Provided records
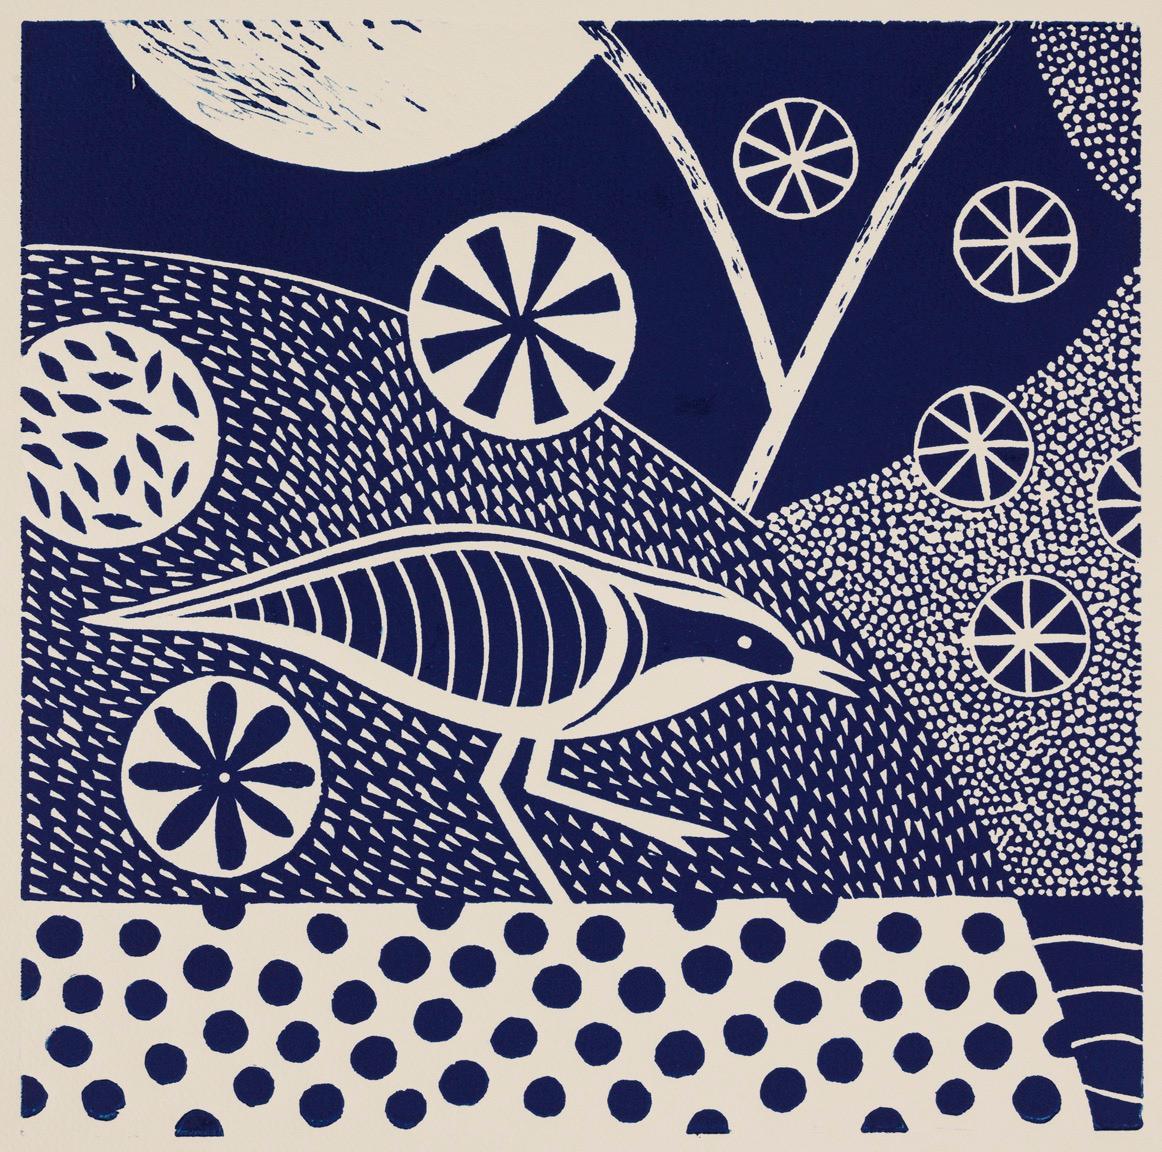 'Chittering and Chattering III'  Linoleum Block Print,  Edition 10,  11 5/8 x 11 5/8 Inches, is one of a series of 6 related prints in this size in varying shades of blue.   Sold individually or as sets of 2, 3, 4, 5 or 6.

There is also a series of
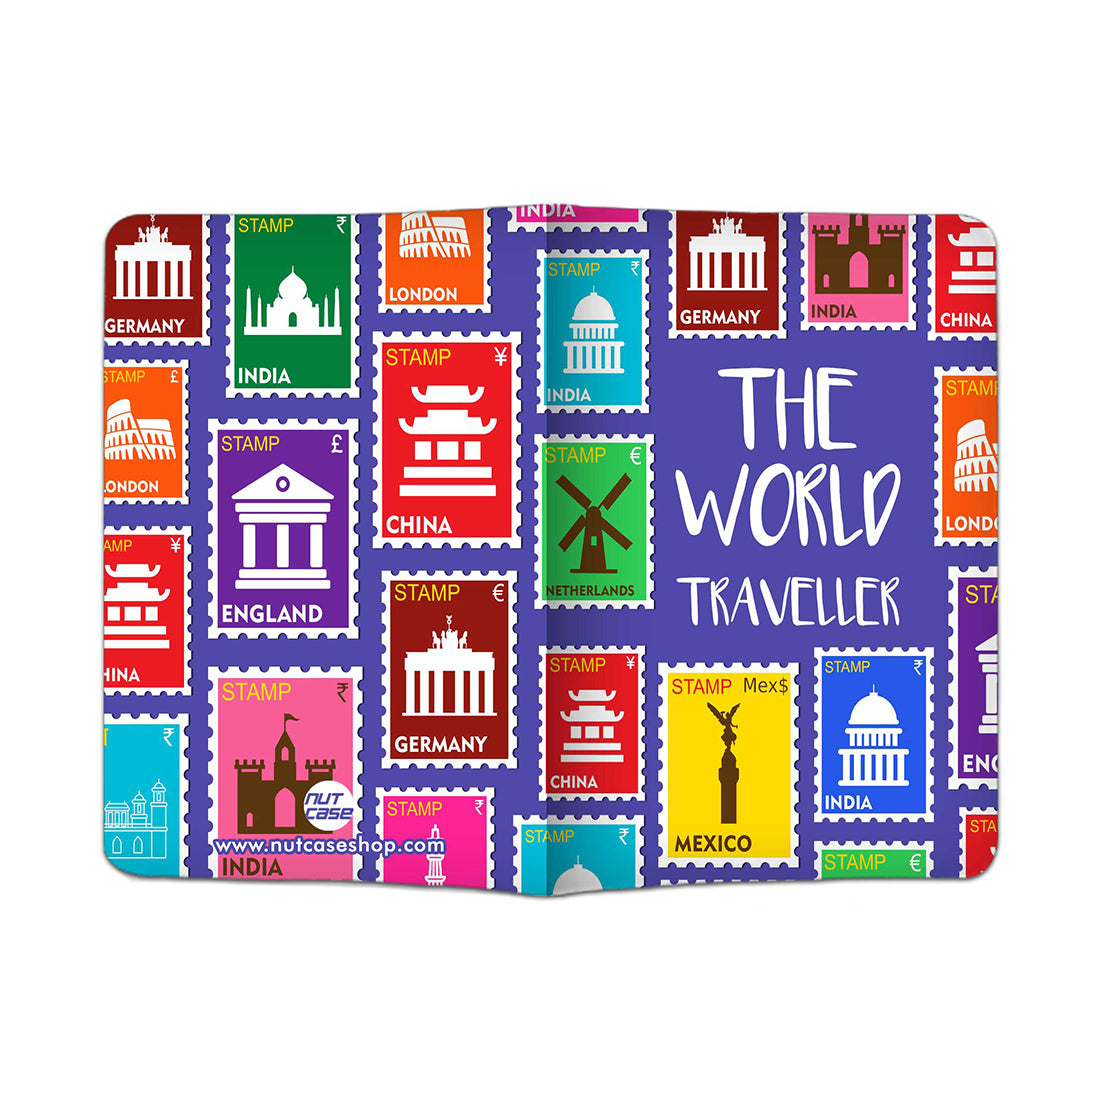 Passport Cover Holder Travel Case With Luggage Tag - The World Traveller Blue Nutcase
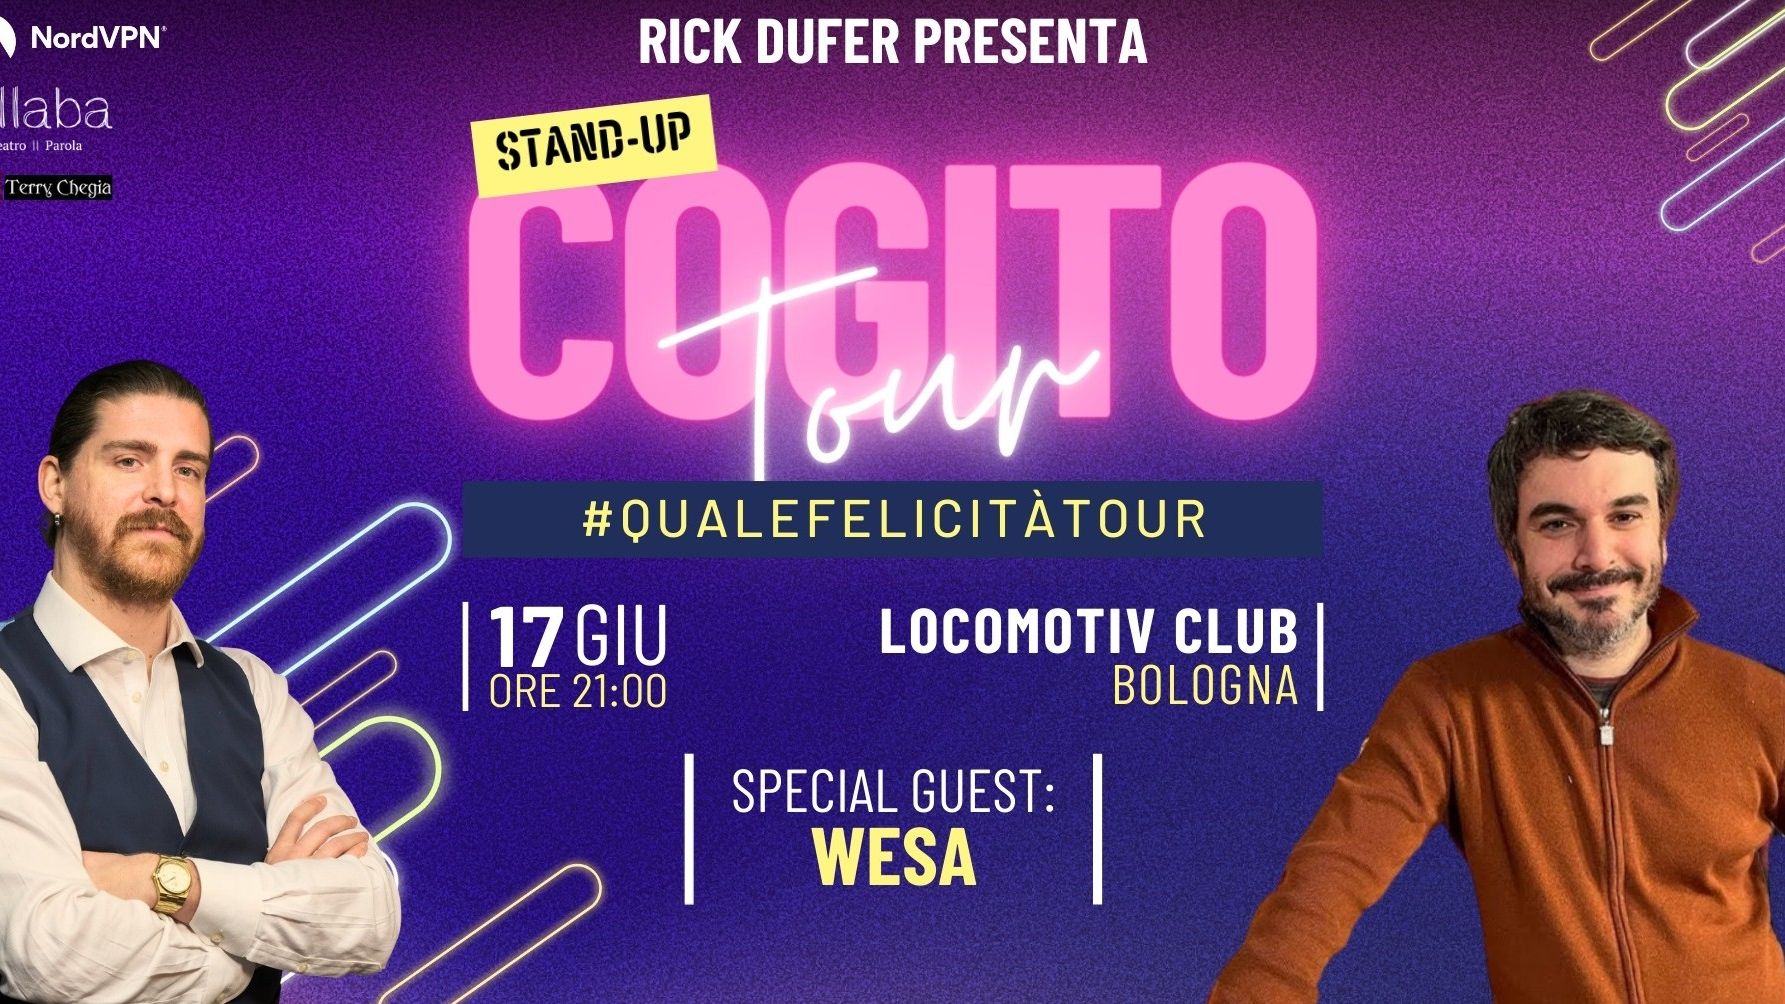 Rick Dufer - Stand Up Cogito Tour
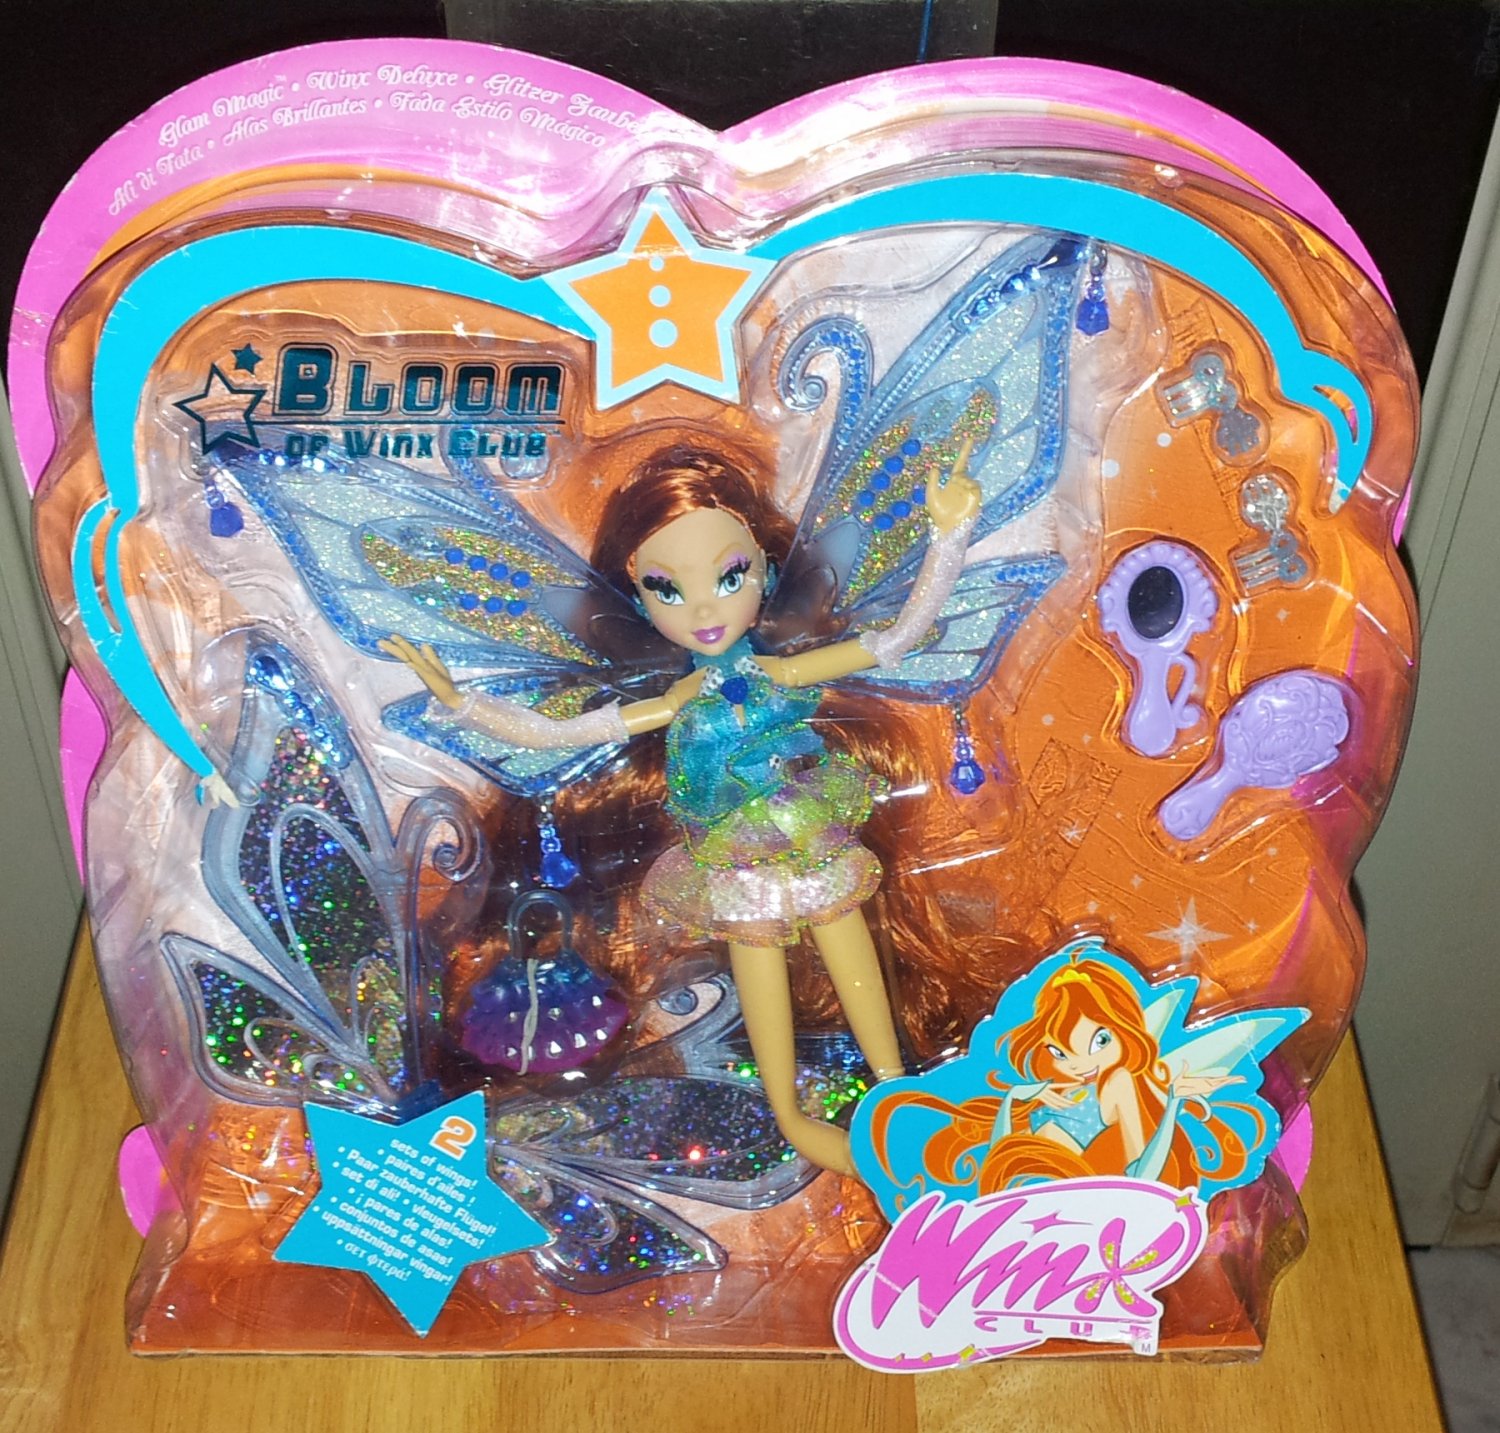 Bloom Of Winx Club Glam Magic Enchantix Doll With 2 Sets Of Wings

Instructions for the task
Exactly what appears in the records above must be returned, apart from the pictures.

Exercise response
 'Chittering and Chattering III'  Linoleum Block Print,  Edition 10,  11 5/8 x 11 5/8 Inches, is one of a series of 6 related prints in this size in varying shades of blue.   Sold individually or as sets of 2, 3, 4, 5 or 6.

There is also a series of
 Passport Cover Holder Travel Case With Luggage Tag - The World Traveller Blue Nutcase
 Rick Dufer - Stand Up Cogito Tour
 Bloom Of Winx Club Glam Magic Enchantix Doll With 2 Sets Of Wings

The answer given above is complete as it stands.